Clint O'Connor of Cleveland Plain Dealer gave the film an "A" and wrote, "[J.J. Abrams] did not bother with such pedestrian concerns as character development and motivation. He simply concocted a first-person shooter video game disguised as a summer blockbuster. And this is the perfect summer-escape movie." Keith Phipps of The Onions The A.V. Club said the film is "business as usual, but it's the best kind of business as usual, and it finds everyone working in top form." Owen Gleiberman of Entertainment Weekly called Mission: Impossible III "a gratifyingly clever, booby-trapped thriller that has enough fun and imagination and dash to more than justify its existence." Marc Savlov of The Austin Chronicle said that "it's all poppycock, of course, but it's done with such vim and vigor and both narrative and visual flair that you care not a jot." James Berardinelli of ReelViews gave the film a score of two-and-a-half stars out of four, saying that it "provides lots of action, but too little excitement."

Ian Nathan of Empire said that Mission: Impossible III has "an inspired middle-hour pumped by some solid action" but added that "we now live in a post-Bourne, recalibrated-Bond universe, where Ethan Hunt looks a bit lost." Manohla Dargis of The New York Times said that "Hoffman enlivens Mission: Impossible III" but criticized the film's "maudlin romance" and "Abrams's inability to adapt his small-screen talent to a larger canvas." Rob Nelson of the Dallas Observer said that "Abrams's movie is too oppressive, too enamored of its brutality to deliver anything like real thrills; its deeply unpleasant tone nearly makes you long even for [Mission: Impossible 2 director John] Woo's cartoon absurdities."

Claudia Puig of USA Today said that "Mission: Impossible III delivers" despite "a sense that the franchise is played out and its star over-exposed." Maitland McDonagh of TV Guide described the film as "breezy, undemanding, and a carefully balanced blend of the familiar and the not-quite-what-you-expected." Lawrence Toppman of The Charlotte Observer said that Mission: Impossible III is "plenty of fun" despite being "overwrought and overplotted."

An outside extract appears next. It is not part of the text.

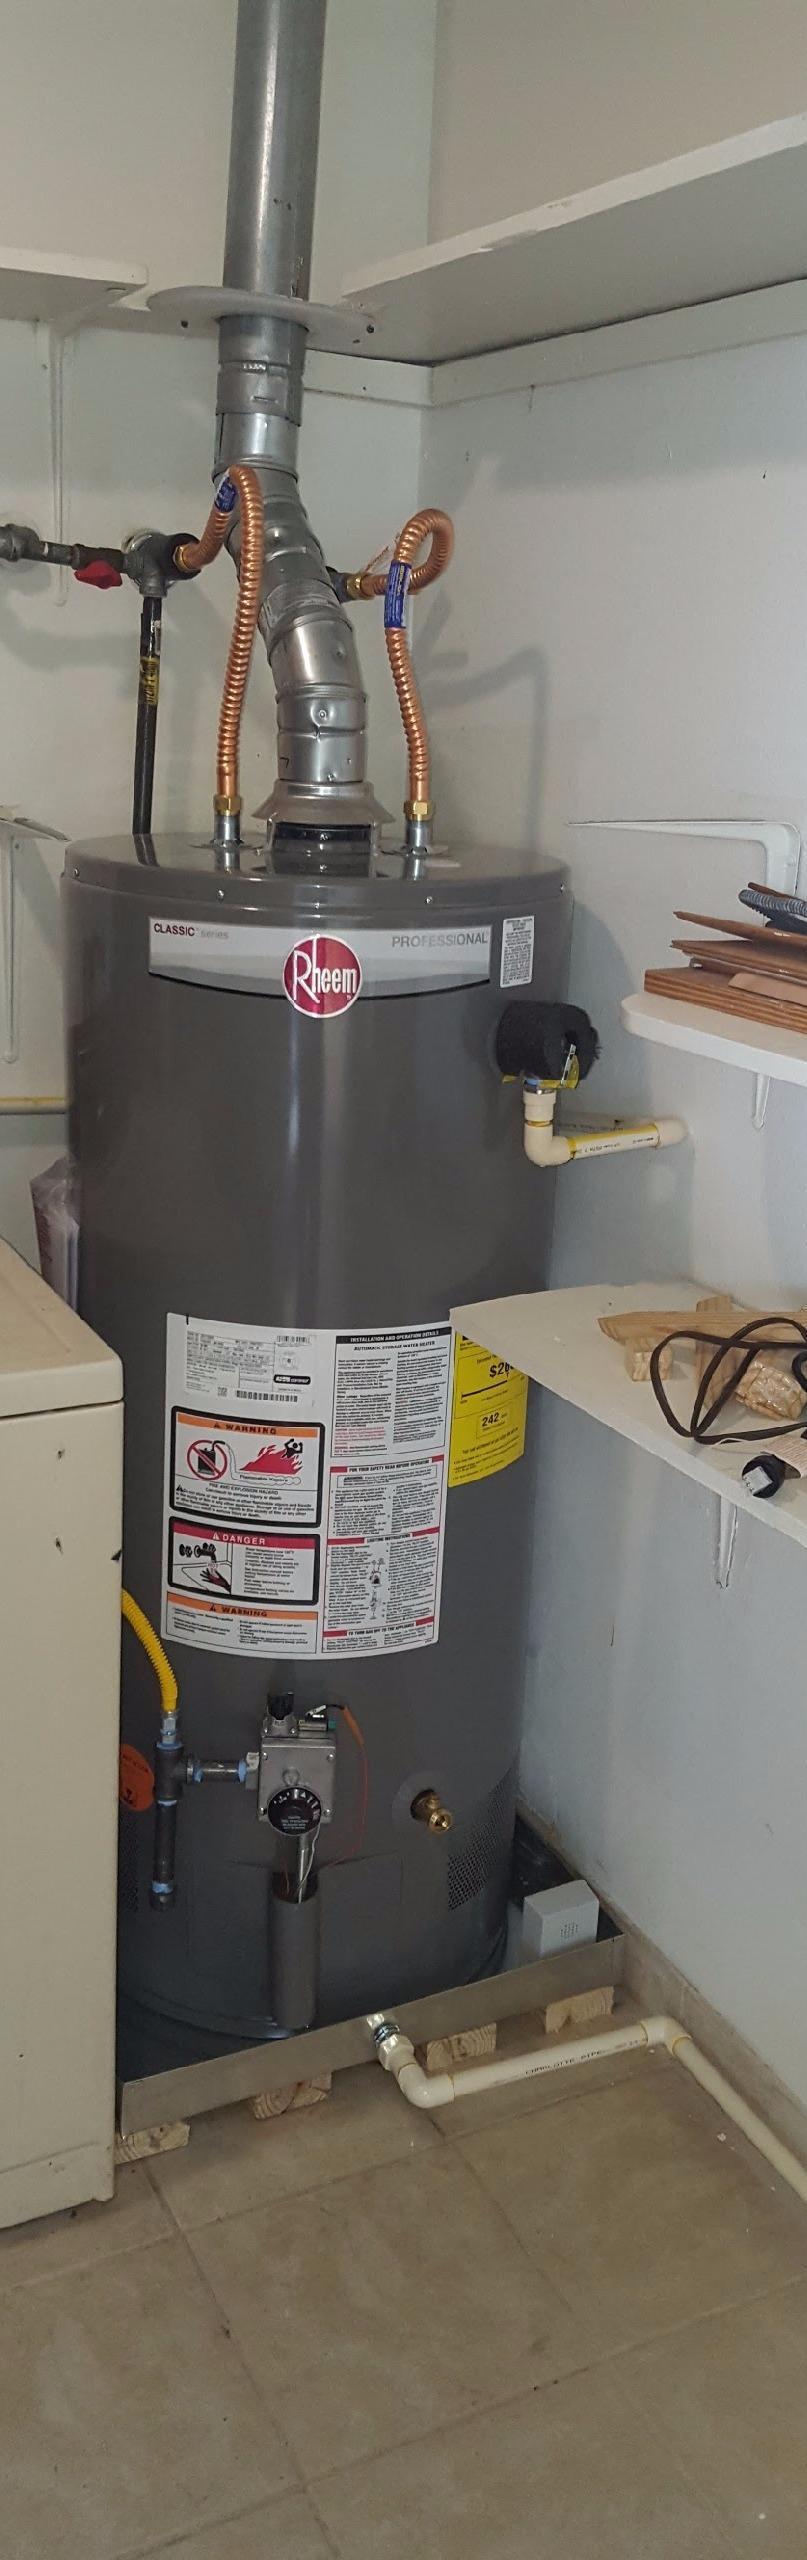 Katy Water Heaters image 65

Pete Vonder Haar of Film Threat said that "you may be mildly entertained, but damned if you'll remember any of it five minutes later." Stephanie Zacharek of Salon.com said that "Cruise is the single bright, blinking emblem of the failure of Mission: Impossible III." William Arnold of the Seattle Post-Intelligencer remarked that "the latest [Mission: Impossible film] is just this side of insultingly stupid." Shawn Levy of The Oregonian said that Mission: Impossible III "feels like one of the more forgettable James Bond films—saddled, moreover, with a star who's sliding into self-parody."